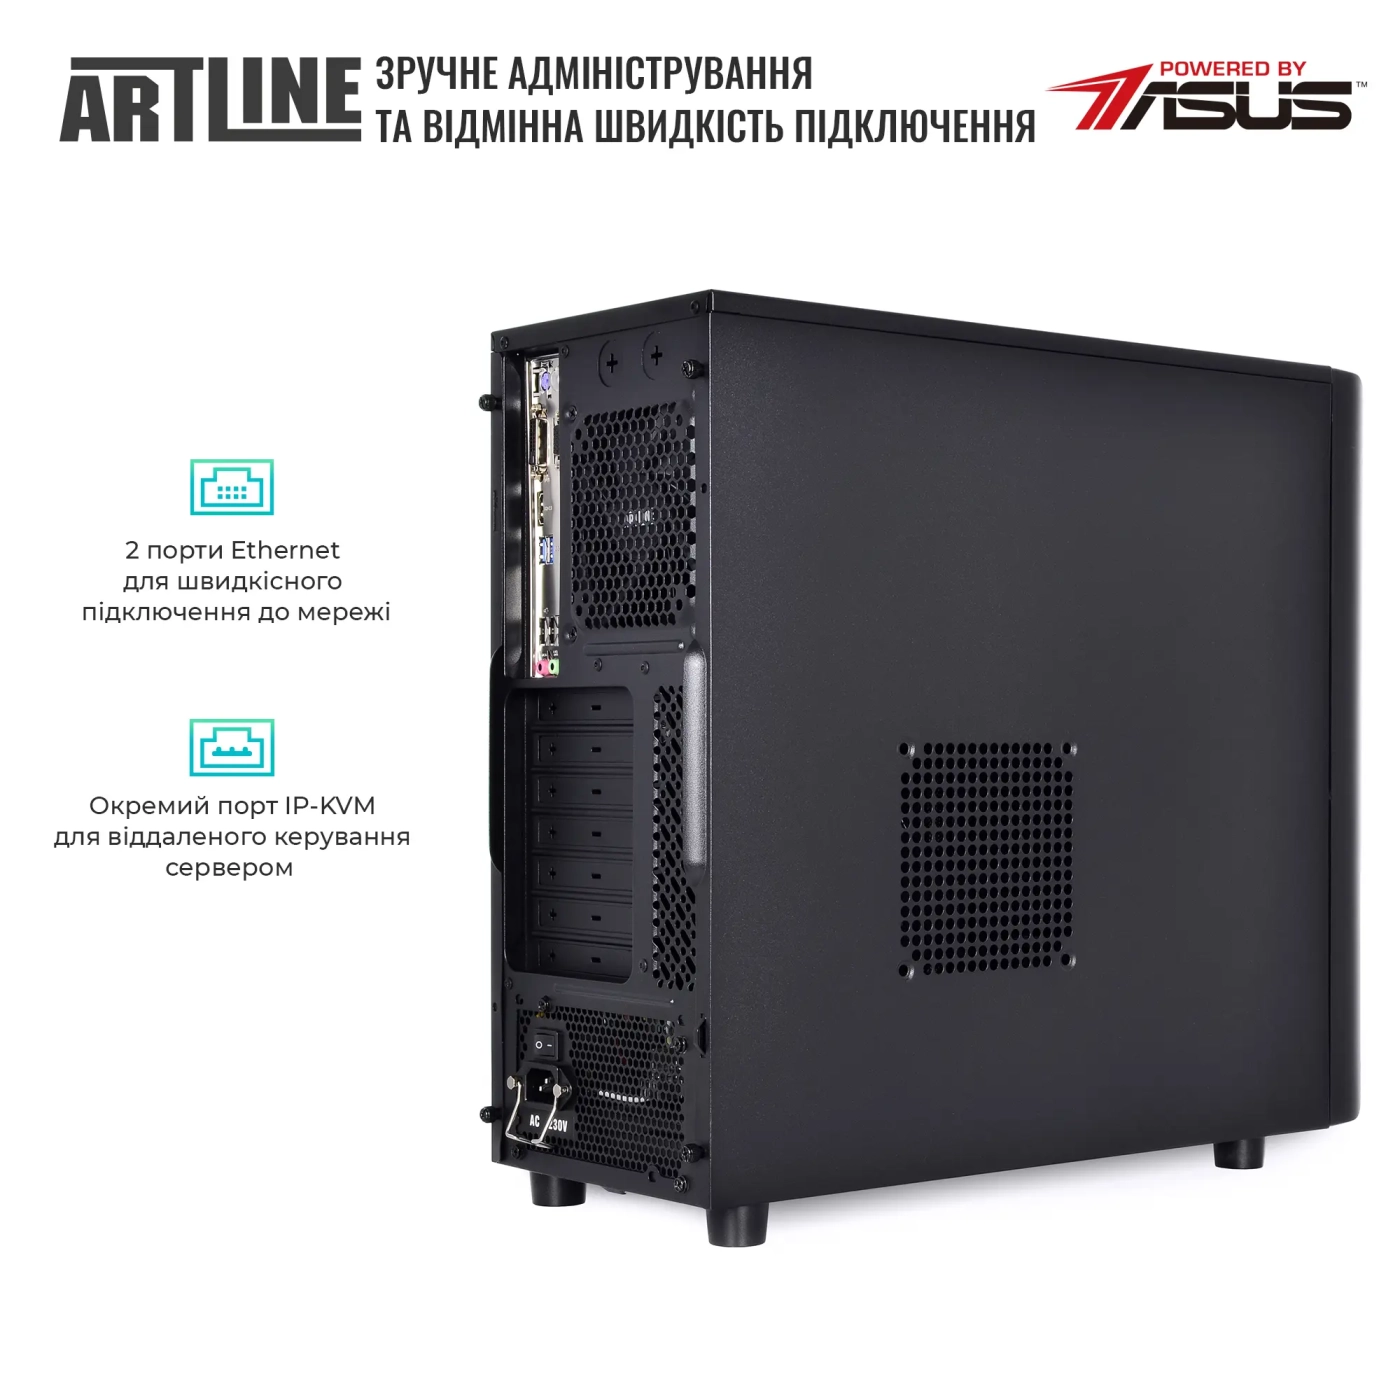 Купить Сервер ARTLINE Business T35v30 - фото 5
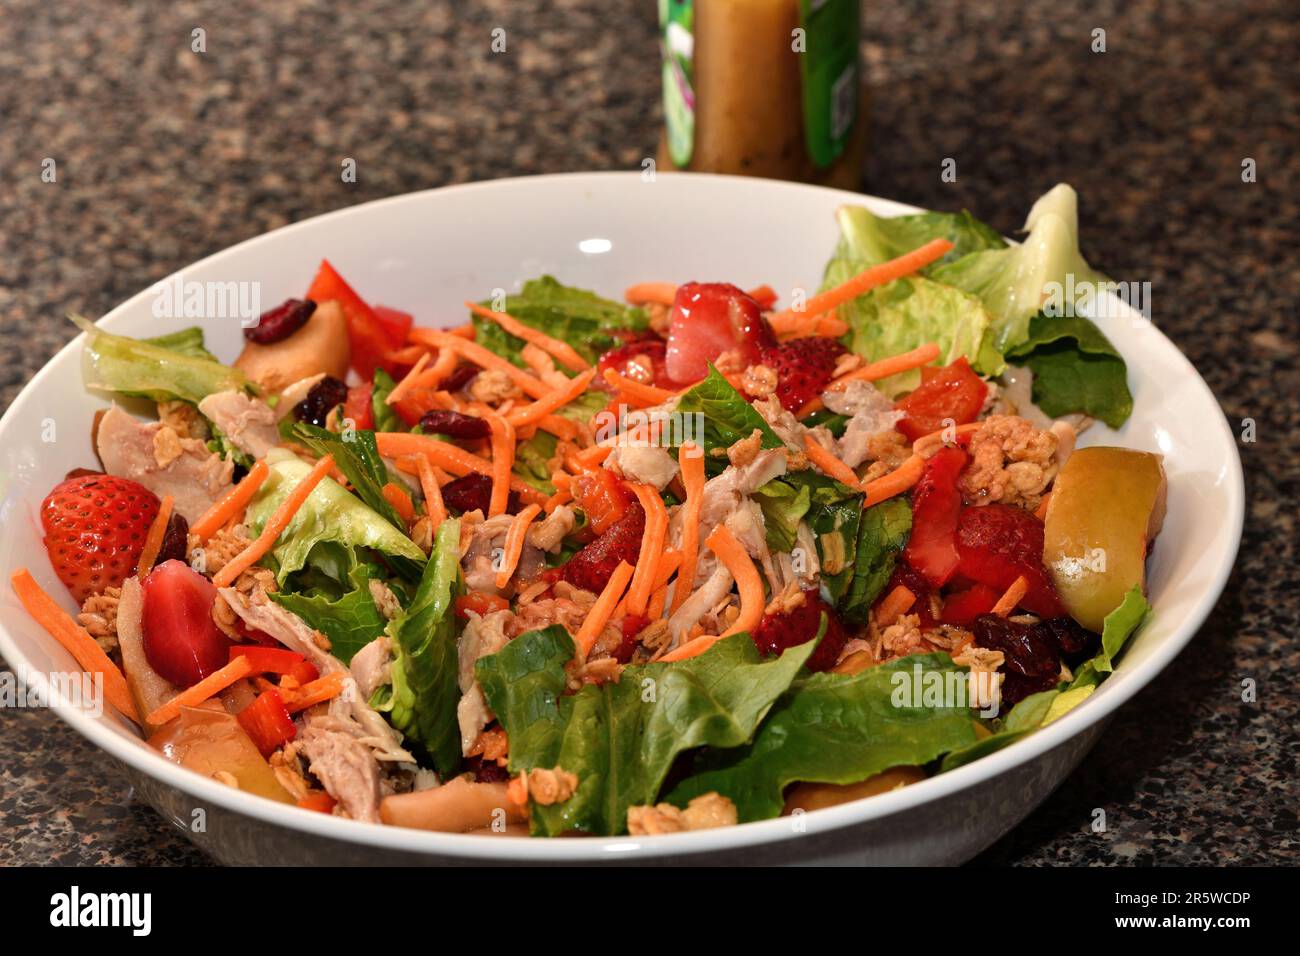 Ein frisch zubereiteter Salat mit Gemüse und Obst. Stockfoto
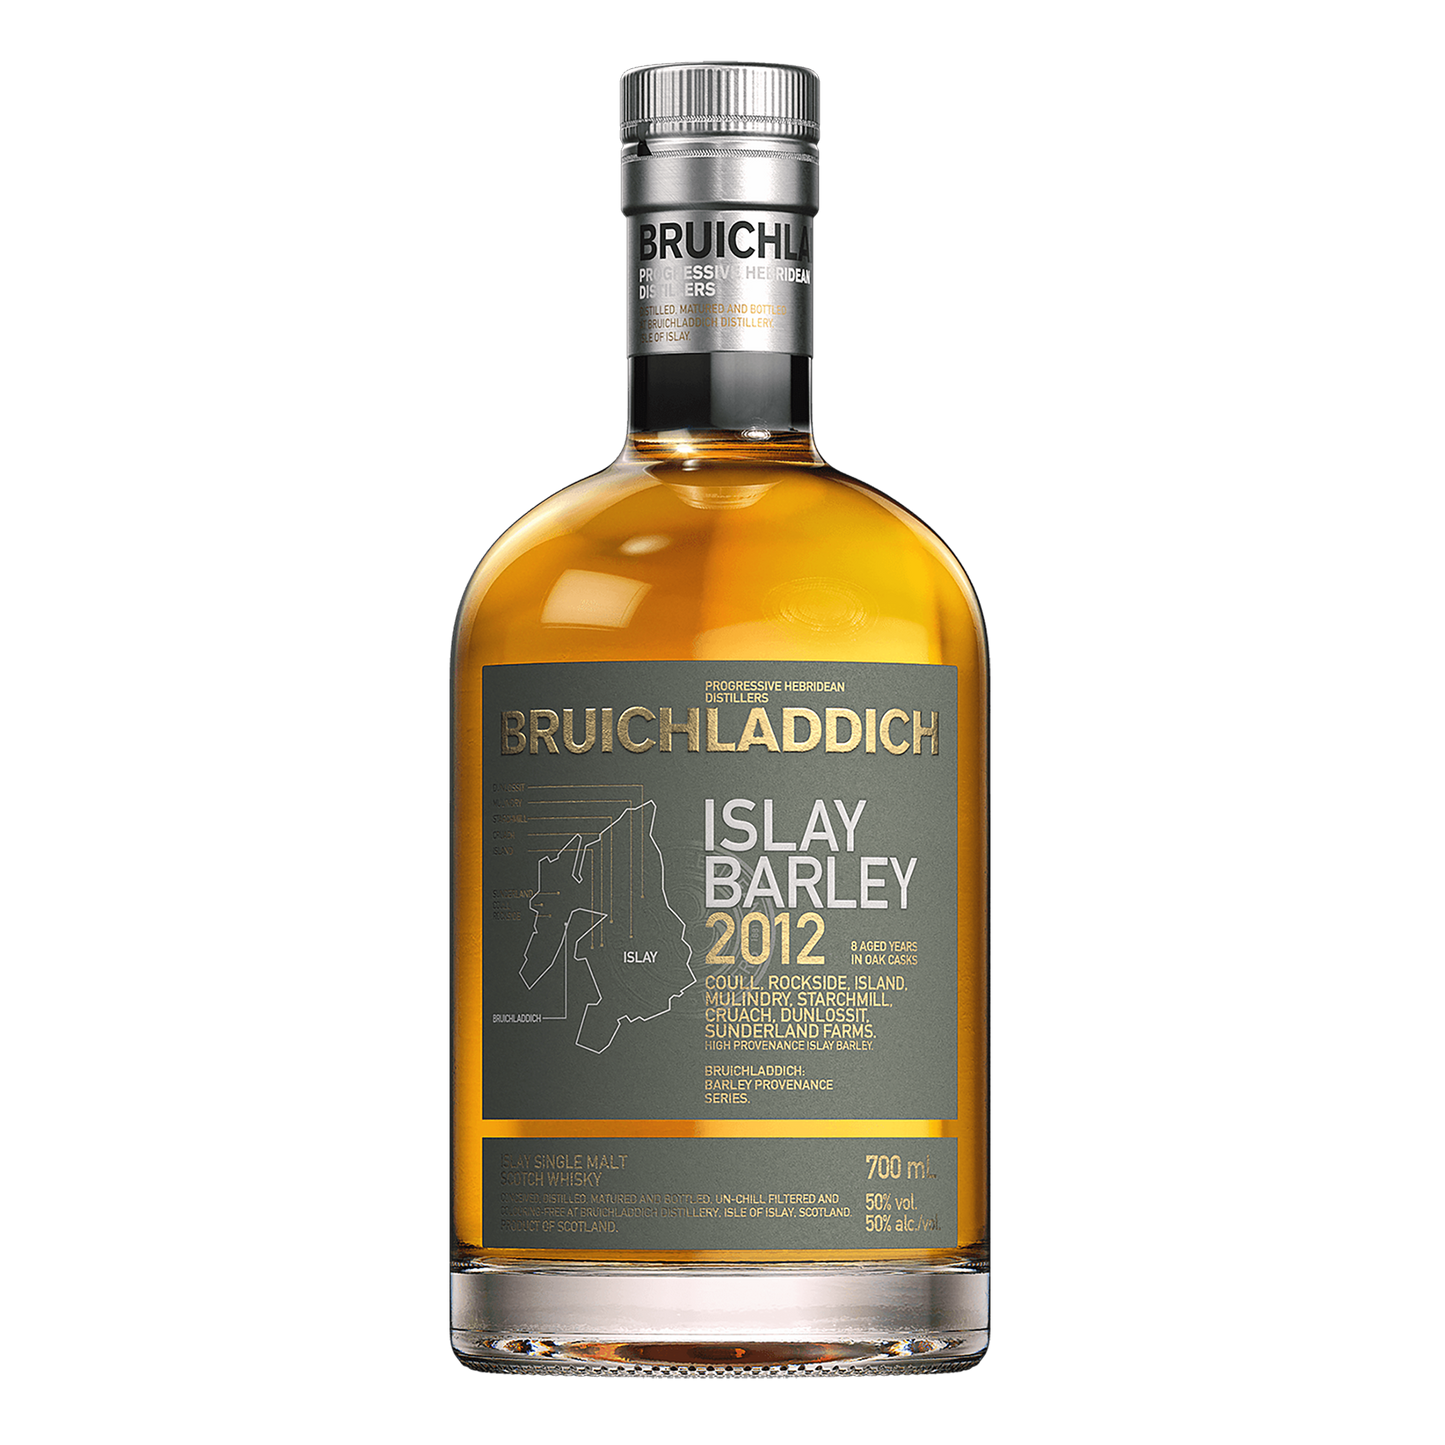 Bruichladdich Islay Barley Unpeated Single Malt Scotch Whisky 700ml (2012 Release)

• Work task: Please print the data above once more, exactly as it appears, with no pictures.

• Solution to the exercise:
 Купить Сервер ARTLINE Business T35v30 - фото 5
 Ein frisch zubereiteter Salat mit Gemüse und Obst. Stockfoto
 Bruichladdich Islay Barley Unpeated Single Malt Scotch Whisky 700ml (2012 Release)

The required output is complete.